Bacteria

700,000 people around the world die annually due to drug-resistant infections. 

We are determined to help tackle the problem of bacterial infections.

Most bacteria are harmless, and can in fact be beneficial to our health. However, some are extremely harmful with the potential to cause a number of serious diseases, which can be fatal. Existing tests can take several days, resulting in both a deterioration in health and an over use of antibiotics.

The Chief Medical Officer, Professor Dame Sally Davies has said that antimicrobial resistance poses a catastrophic threat to our health. 700,000 people around the world die annually due to drug-resistant infections (so-called ‘super bugs’). It is predicted this figure will rise to 10 million by 2050. Hospital acquired infections are also a significant risk to human health as well as a major cost to the NHS.

Our work

Working with Imperial College London we are training dogs to detect the odour of specific bacteria.

Preliminary testing indicates a very high level of accuracy, with dogs able to reliably ignore other ‘control’ bacteria and commonly used antibiotics.
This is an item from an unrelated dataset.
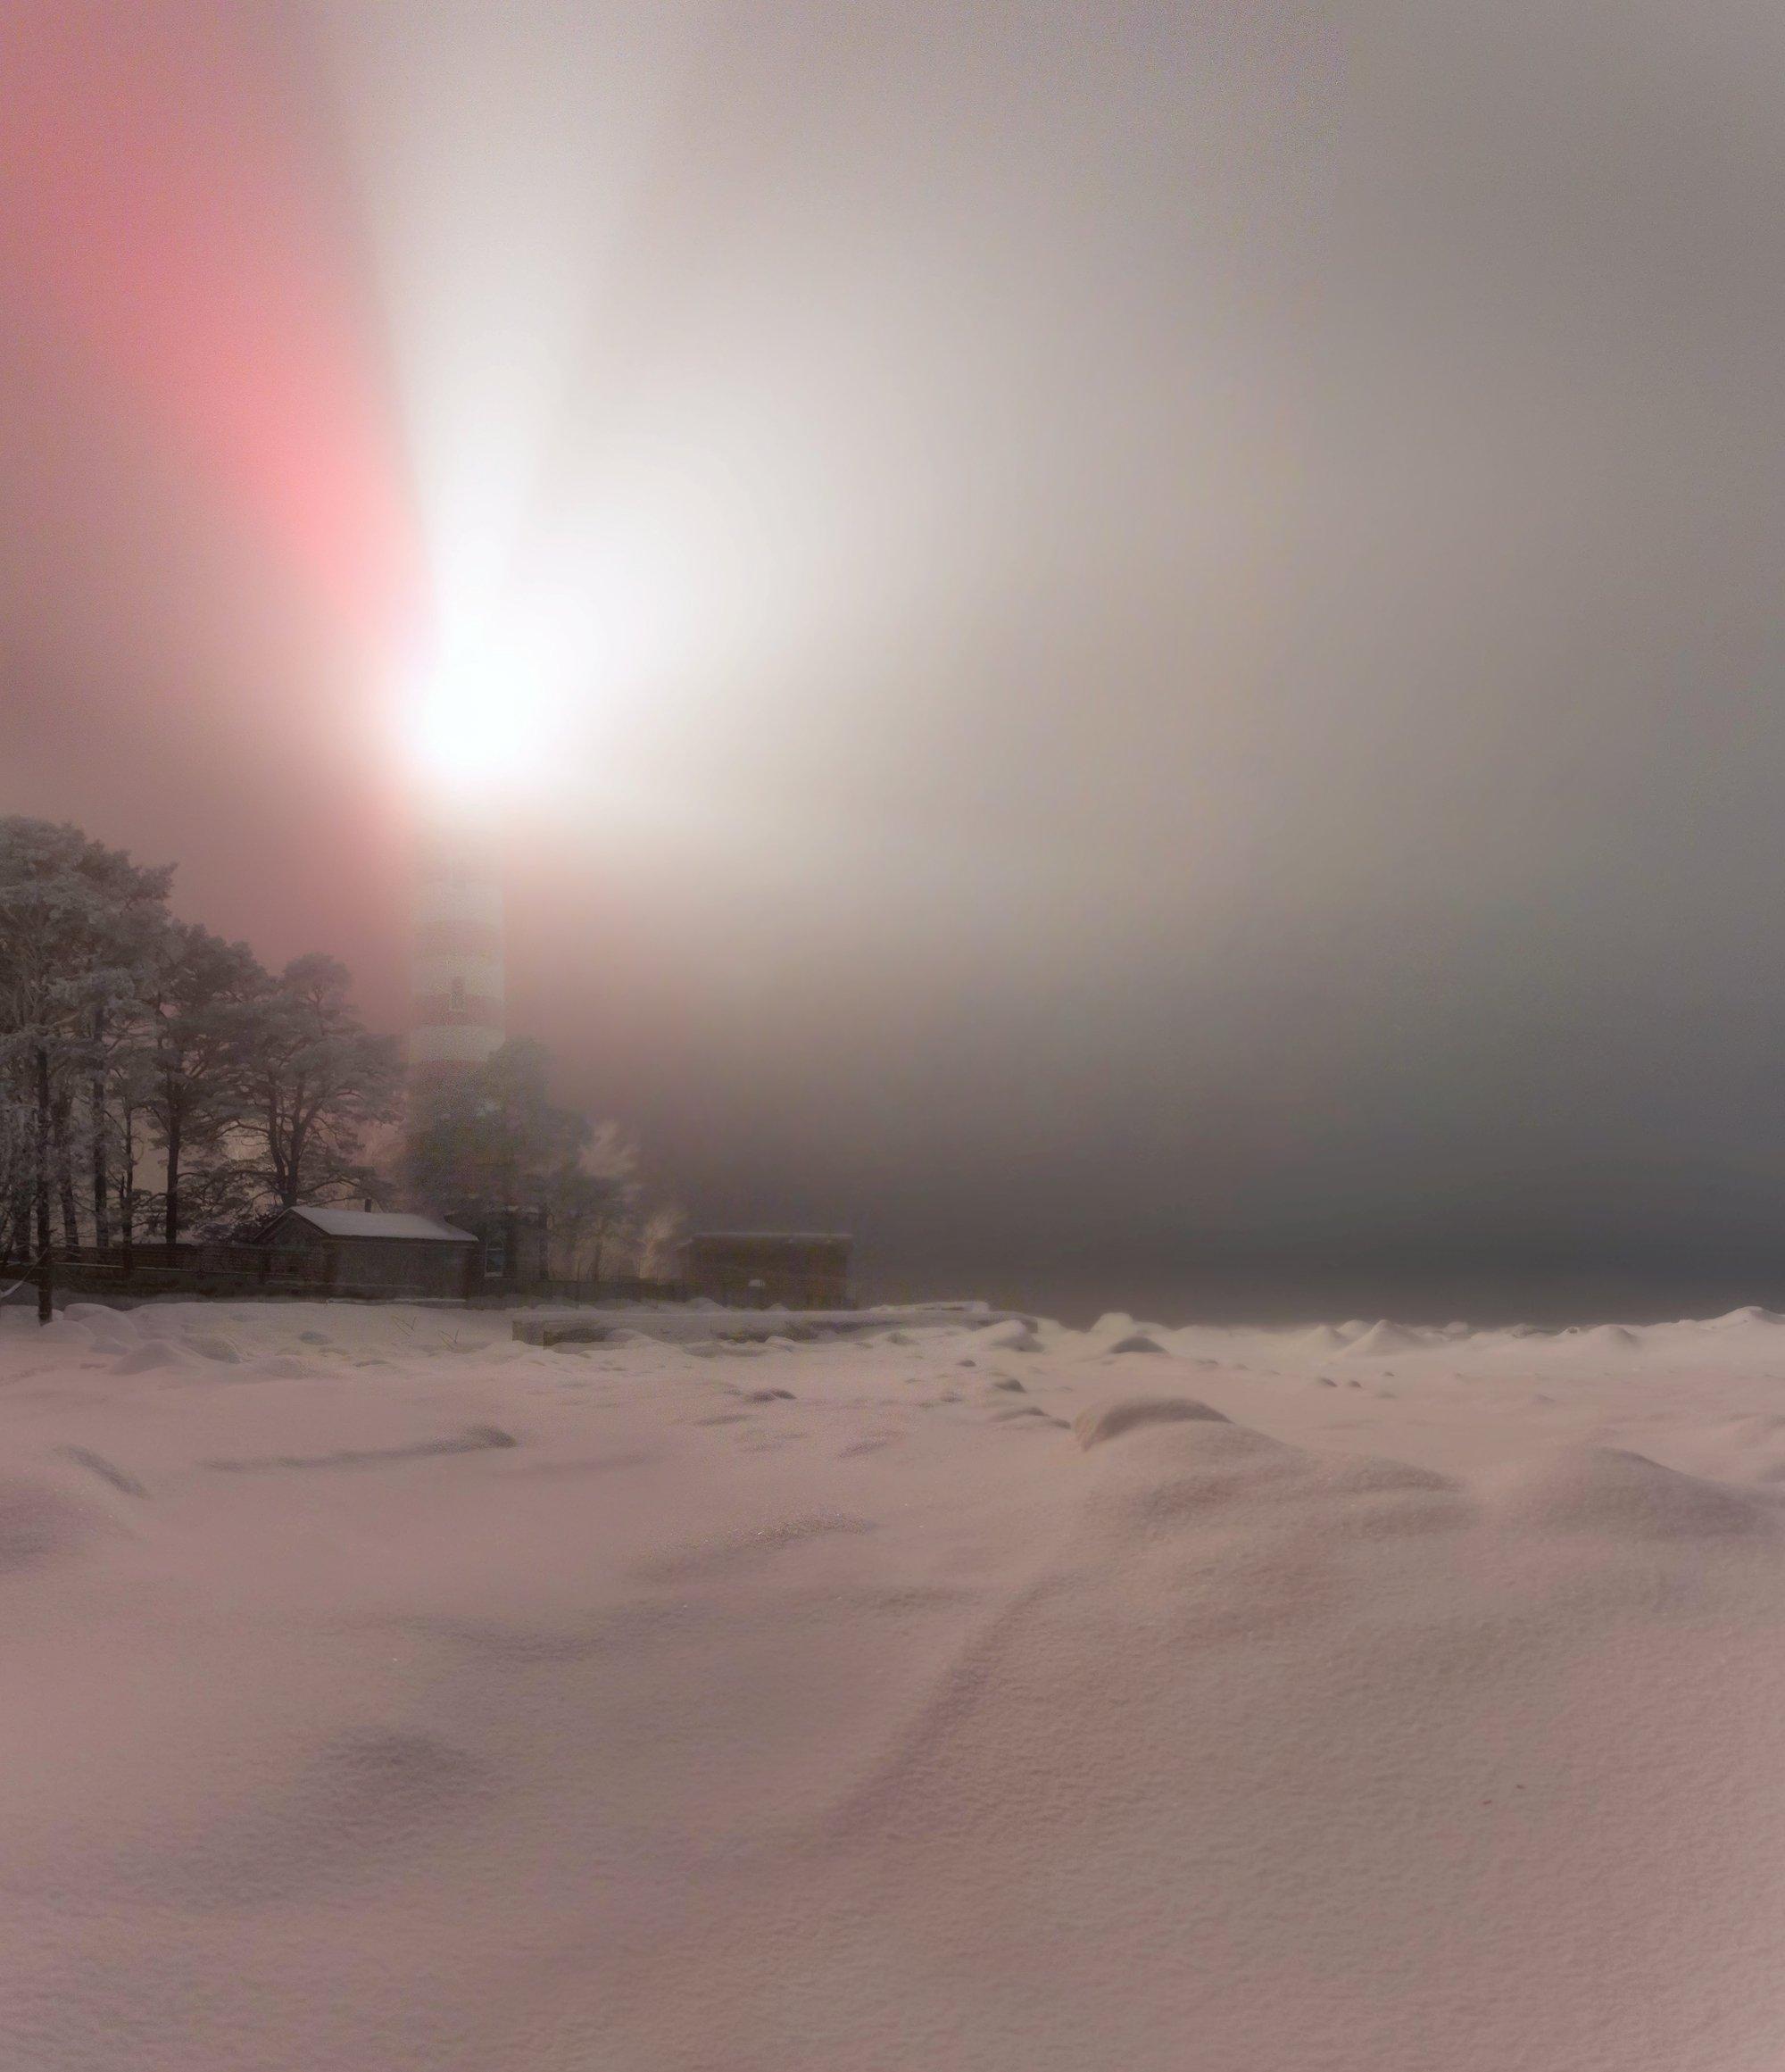 маяк, туман, зима, Vaschenkov Pavel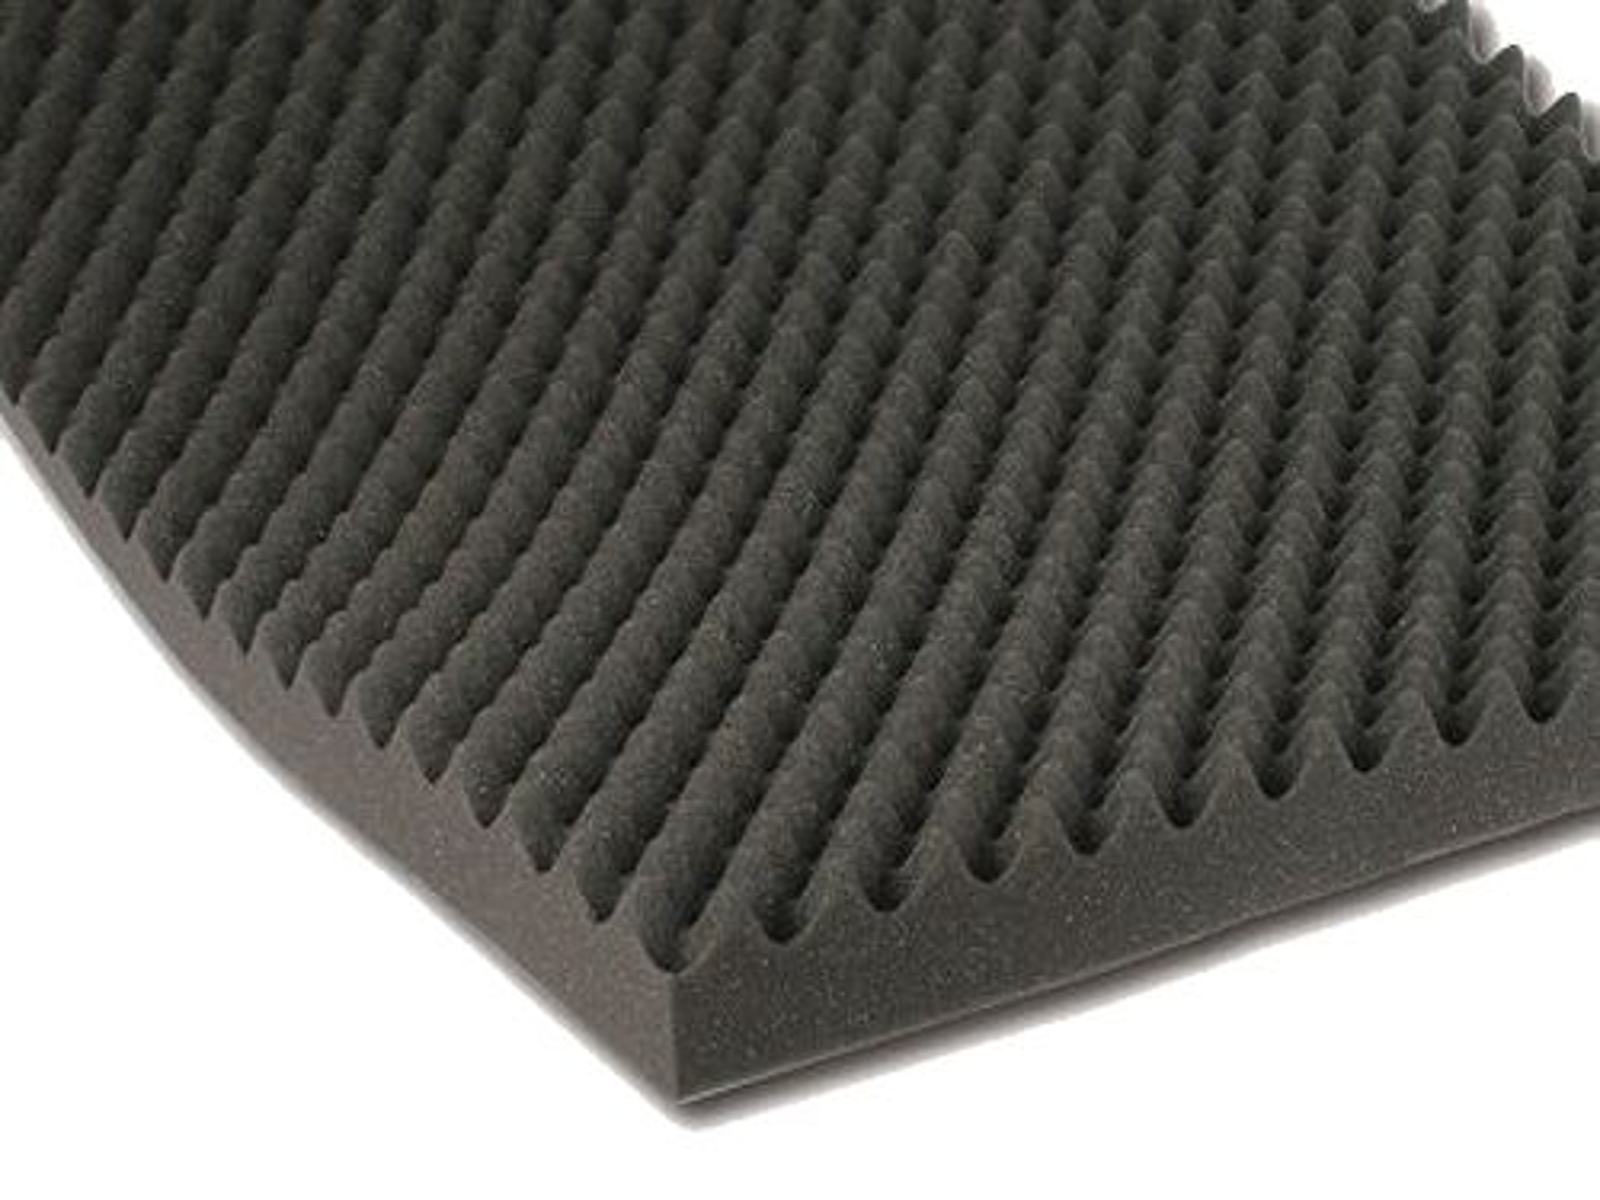 akustik noppenschaum d mmung h he 5cm farbe schwarz grau. Black Bedroom Furniture Sets. Home Design Ideas

With their amazing sense of smell dogs are able to detect the presence of very low numbers of bacteria. 

We are working closely with our collaborators on progressing this study to the next stage, testing the potential of the dogs to detect bacteria in samples from patients.

The future

From the rapid detection of specific bacteria in clinical samples taken from a patient, to search dogs able to screen large areas such as hospital wards for the presence of a ‘super bug’, the opportunities are endless. There is potential to save time, money and most importantly lives.

We can see a future where our bio-detection research could result in an assistance dog that is able to detect the early signs of a urinary tract infection in a patient who has a spinal cord injury. Such infections can rapidly become life threatening in people with this type of injury, and swift detection and treatment can make a significant impact on their morbidity.

A hospital detection dog could be a reality, quickly and efficiently detecting the presence in wards and clinical areas of dangerous bacterial infections such as  C. difficile or MRSA. Early work by researchers in Canada demonstrated that this concept is both feasible and acceptable and we hope to trial this in a care setting soon.